The Greenplum Database server configuration parameter optimizer_analyze_root_partition affects when statistics are collected on the root partition of a partitioned table. If the parameter is enabled, statistics are also collected on the root partition when you run ANALYZE (without the ROOTPARTITON keyword) and specify the root partition.
The statistics collected by ANALYZE usually include a list of some of the most common values in each column and a histogram showing the approximate data distribution in each column. One or both of these may be omitted if ANALYZE deems them uninteresting (for example, in a unique-key column, there are no common values) or if the column data type does not support the appropriate operators.

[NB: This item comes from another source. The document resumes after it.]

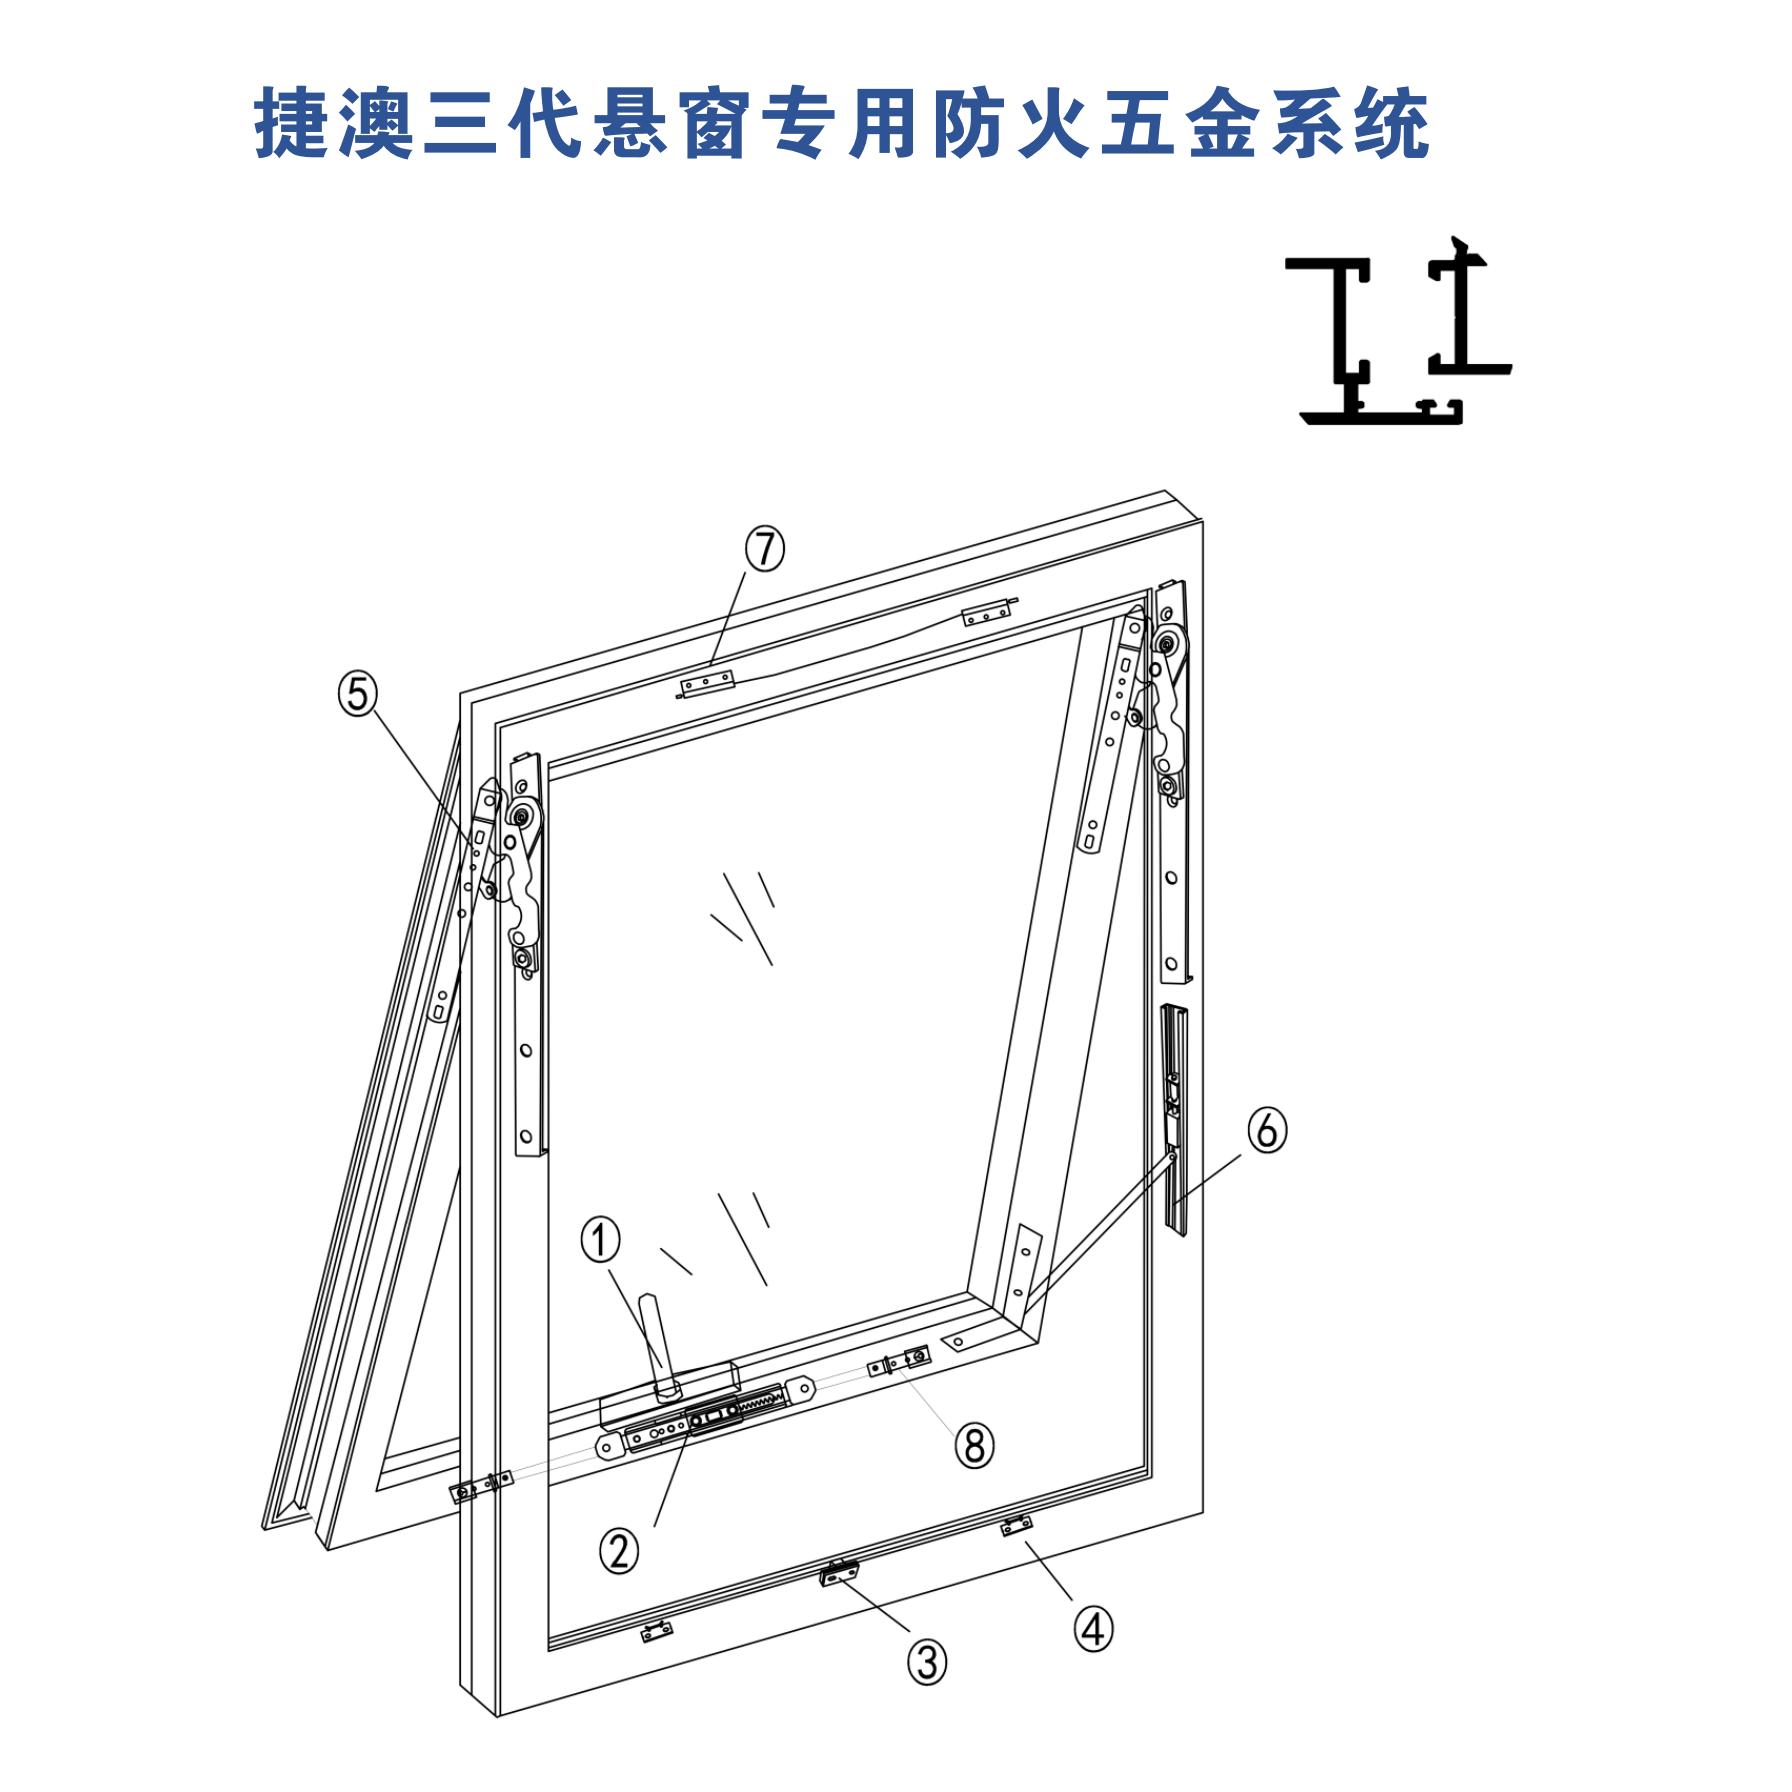 九游会j9官网备用三代悬窗专用防火五金系统

For large tables, ANALYZE takes a random sample of the table contents, rather than examining every row. This allows even very large tables to be analyzed in a small amount of time. Note, however, that the statistics are only approximate, and will change slightly each time ANALYZE is run, even if the actual table contents did not change. This may result in small changes in the planner's estimated costs shown by EXPLAIN. In rare situations, this non-determinism will cause the query optimizer to choose a different query plan between runs of ANALYZE. To avoid this, raise the amount of statistics collected by ANALYZE by adjusting the default_statistics_target configuration parameter, or on a column-by-column basis by setting the per-column statistics target with ALTER TABLE ... ALTER COLUMN ... SET STATISTICS (see ALTER TABLE). The target value sets the maximum number of entries in the most-common-value list and the maximum number of bins in the histogram. The default target value is 10, but this can be adjusted up or down to trade off accuracy of planner estimates against the time taken for ANALYZE and the amount of space occupied in pg_statistic. In particular, setting the statistics target to zero disables collection of statistics for that column. It may be useful to do that for columns that are never used as part of the WHERE, GROUP BY, or ORDER BY clauses of queries, since the planner will have no use for statistics on such columns.
The largest statistics target among the columns being analyzed determines the number of table rows sampled to prepare the statistics. Increasing the target causes a proportional increase in the time and space needed to do ANALYZE.
When Greenplum Database performs an ANALYZE operation to collect statistics for a table and detects that all the sampled table data pages are empty (do not contain valid data), Greenplum Database displays a message that a VACUUM FULL operation should be performed. If the sampled pages are empty, the table statistics will be inaccurate. Pages become empty after a large number of changes to the table, for example deleting a large number of rows. A VACUUM FULL operation removes the empty pages and allows an ANALYZE operation to collect accurate statistics.
If there are no statistics for the table, the server configuration parameter gp_enable_relsize_collection controls whether the legacy query optimizer uses a default statistics file or estimates the size of a table using the pg_relation_size function. By default, the legacy optimizer uses the default statistics file to estimate the number of rows if statistics are not available.
Collect statistics for the table mytable:
There is no ANALYZE statement in the SQL standard.